Exercise details
Of the lines listed below, return exactly those that run from the line containing "Uncles little leprechaun | Makeup / wash bag" through the line containing "Czynsze za najem", both included.

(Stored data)
- - -
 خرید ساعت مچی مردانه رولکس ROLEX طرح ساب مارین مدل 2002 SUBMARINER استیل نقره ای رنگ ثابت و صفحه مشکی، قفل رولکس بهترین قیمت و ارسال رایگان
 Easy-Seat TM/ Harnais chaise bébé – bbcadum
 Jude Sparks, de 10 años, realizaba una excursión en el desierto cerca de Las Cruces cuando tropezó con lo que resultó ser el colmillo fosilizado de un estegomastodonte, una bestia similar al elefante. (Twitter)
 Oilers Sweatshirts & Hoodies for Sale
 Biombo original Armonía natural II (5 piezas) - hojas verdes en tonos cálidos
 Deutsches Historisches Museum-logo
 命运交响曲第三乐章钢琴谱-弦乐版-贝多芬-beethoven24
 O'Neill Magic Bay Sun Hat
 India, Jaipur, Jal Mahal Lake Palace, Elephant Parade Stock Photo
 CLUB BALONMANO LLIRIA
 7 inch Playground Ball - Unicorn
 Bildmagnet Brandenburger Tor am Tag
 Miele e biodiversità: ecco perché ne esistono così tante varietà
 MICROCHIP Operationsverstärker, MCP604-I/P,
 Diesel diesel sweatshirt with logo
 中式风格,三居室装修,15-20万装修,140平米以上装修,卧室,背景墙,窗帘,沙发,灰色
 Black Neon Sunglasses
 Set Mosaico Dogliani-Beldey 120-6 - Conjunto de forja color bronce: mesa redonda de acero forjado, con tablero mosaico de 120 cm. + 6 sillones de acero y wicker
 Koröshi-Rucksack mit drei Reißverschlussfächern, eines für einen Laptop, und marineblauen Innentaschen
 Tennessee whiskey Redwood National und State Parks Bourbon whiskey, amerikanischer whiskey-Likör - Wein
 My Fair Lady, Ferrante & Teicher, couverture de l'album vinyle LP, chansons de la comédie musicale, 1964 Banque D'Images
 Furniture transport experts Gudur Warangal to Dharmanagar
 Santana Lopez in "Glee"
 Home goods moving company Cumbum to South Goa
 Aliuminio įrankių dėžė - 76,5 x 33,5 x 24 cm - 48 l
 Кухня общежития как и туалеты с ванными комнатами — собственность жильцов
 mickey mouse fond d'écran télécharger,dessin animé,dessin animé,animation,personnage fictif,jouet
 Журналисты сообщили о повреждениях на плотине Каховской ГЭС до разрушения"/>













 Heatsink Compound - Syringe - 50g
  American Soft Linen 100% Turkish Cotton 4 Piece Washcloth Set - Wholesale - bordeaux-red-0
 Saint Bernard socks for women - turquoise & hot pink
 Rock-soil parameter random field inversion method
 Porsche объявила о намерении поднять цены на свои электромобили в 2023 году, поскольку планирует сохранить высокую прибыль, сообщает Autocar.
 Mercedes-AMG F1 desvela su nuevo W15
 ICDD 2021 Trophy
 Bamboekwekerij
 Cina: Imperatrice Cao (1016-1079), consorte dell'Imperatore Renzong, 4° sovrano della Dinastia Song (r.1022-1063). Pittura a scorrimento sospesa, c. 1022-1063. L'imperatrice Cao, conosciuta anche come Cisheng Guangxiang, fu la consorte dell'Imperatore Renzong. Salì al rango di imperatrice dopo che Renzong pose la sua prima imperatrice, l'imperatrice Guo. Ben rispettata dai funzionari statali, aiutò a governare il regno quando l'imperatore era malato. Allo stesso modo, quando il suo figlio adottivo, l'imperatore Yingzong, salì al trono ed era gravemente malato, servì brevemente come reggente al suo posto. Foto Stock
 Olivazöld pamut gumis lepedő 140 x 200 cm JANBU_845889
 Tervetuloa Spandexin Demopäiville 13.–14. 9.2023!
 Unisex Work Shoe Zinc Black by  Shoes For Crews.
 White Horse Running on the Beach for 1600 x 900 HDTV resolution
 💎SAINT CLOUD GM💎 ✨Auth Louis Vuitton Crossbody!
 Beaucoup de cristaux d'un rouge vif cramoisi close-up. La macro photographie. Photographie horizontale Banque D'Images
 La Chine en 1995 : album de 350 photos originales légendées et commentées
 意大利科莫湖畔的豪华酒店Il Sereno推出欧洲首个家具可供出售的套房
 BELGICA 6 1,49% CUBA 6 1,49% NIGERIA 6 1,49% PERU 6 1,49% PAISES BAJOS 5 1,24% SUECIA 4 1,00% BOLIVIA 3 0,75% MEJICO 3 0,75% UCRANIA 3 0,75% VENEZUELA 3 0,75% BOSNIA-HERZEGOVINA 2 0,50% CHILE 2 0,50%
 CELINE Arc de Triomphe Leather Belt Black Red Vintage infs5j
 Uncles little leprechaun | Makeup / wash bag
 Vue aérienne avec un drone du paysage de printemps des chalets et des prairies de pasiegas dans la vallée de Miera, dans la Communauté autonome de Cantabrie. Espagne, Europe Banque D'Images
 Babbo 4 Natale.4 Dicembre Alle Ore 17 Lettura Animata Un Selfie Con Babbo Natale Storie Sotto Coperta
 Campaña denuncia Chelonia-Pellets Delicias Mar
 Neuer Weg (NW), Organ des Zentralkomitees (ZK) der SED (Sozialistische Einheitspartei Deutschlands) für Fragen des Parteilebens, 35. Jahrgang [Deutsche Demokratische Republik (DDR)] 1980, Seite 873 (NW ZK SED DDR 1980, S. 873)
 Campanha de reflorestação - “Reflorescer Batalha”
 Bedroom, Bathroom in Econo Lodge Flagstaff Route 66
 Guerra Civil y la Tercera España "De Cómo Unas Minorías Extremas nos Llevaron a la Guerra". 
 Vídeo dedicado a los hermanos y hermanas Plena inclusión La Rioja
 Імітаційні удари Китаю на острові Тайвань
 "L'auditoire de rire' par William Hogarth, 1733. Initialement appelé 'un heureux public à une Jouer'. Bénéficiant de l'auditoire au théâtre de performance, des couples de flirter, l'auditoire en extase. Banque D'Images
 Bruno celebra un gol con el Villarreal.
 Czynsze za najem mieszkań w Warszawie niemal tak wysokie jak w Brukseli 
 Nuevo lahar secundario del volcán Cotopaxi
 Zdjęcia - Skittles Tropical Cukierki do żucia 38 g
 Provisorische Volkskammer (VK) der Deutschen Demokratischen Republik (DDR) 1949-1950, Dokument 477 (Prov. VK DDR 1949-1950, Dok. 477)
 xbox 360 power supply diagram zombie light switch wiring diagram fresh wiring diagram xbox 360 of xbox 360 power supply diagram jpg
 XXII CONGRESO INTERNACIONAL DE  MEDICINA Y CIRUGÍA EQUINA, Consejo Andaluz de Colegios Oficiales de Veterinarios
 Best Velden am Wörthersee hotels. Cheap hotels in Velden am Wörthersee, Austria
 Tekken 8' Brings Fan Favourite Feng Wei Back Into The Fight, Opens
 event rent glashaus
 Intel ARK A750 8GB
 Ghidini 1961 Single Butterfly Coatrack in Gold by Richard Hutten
- - -
Reply to the exercise
 Uncles little leprechaun | Makeup / wash bag
 Vue aérienne avec un drone du paysage de printemps des chalets et des prairies de pasiegas dans la vallée de Miera, dans la Communauté autonome de Cantabrie. Espagne, Europe Banque D'Images
 Babbo 4 Natale.4 Dicembre Alle Ore 17 Lettura Animata Un Selfie Con Babbo Natale Storie Sotto Coperta
 Campaña denuncia Chelonia-Pellets Delicias Mar
 Neuer Weg (NW), Organ des Zentralkomitees (ZK) der SED (Sozialistische Einheitspartei Deutschlands) für Fragen des Parteilebens, 35. Jahrgang [Deutsche Demokratische Republik (DDR)] 1980, Seite 873 (NW ZK SED DDR 1980, S. 873)
 Campanha de reflorestação - “Reflorescer Batalha”
 Bedroom, Bathroom in Econo Lodge Flagstaff Route 66
 Guerra Civil y la Tercera España "De Cómo Unas Minorías Extremas nos Llevaron a la Guerra". 
 Vídeo dedicado a los hermanos y hermanas Plena inclusión La Rioja
 Імітаційні удари Китаю на острові Тайвань
 "L'auditoire de rire' par William Hogarth, 1733. Initialement appelé 'un heureux public à une Jouer'. Bénéficiant de l'auditoire au théâtre de performance, des couples de flirter, l'auditoire en extase. Banque D'Images
 Bruno celebra un gol con el Villarreal.
 Czynsze za najem mieszkań w Warszawie niemal tak wysokie jak w Brukseli 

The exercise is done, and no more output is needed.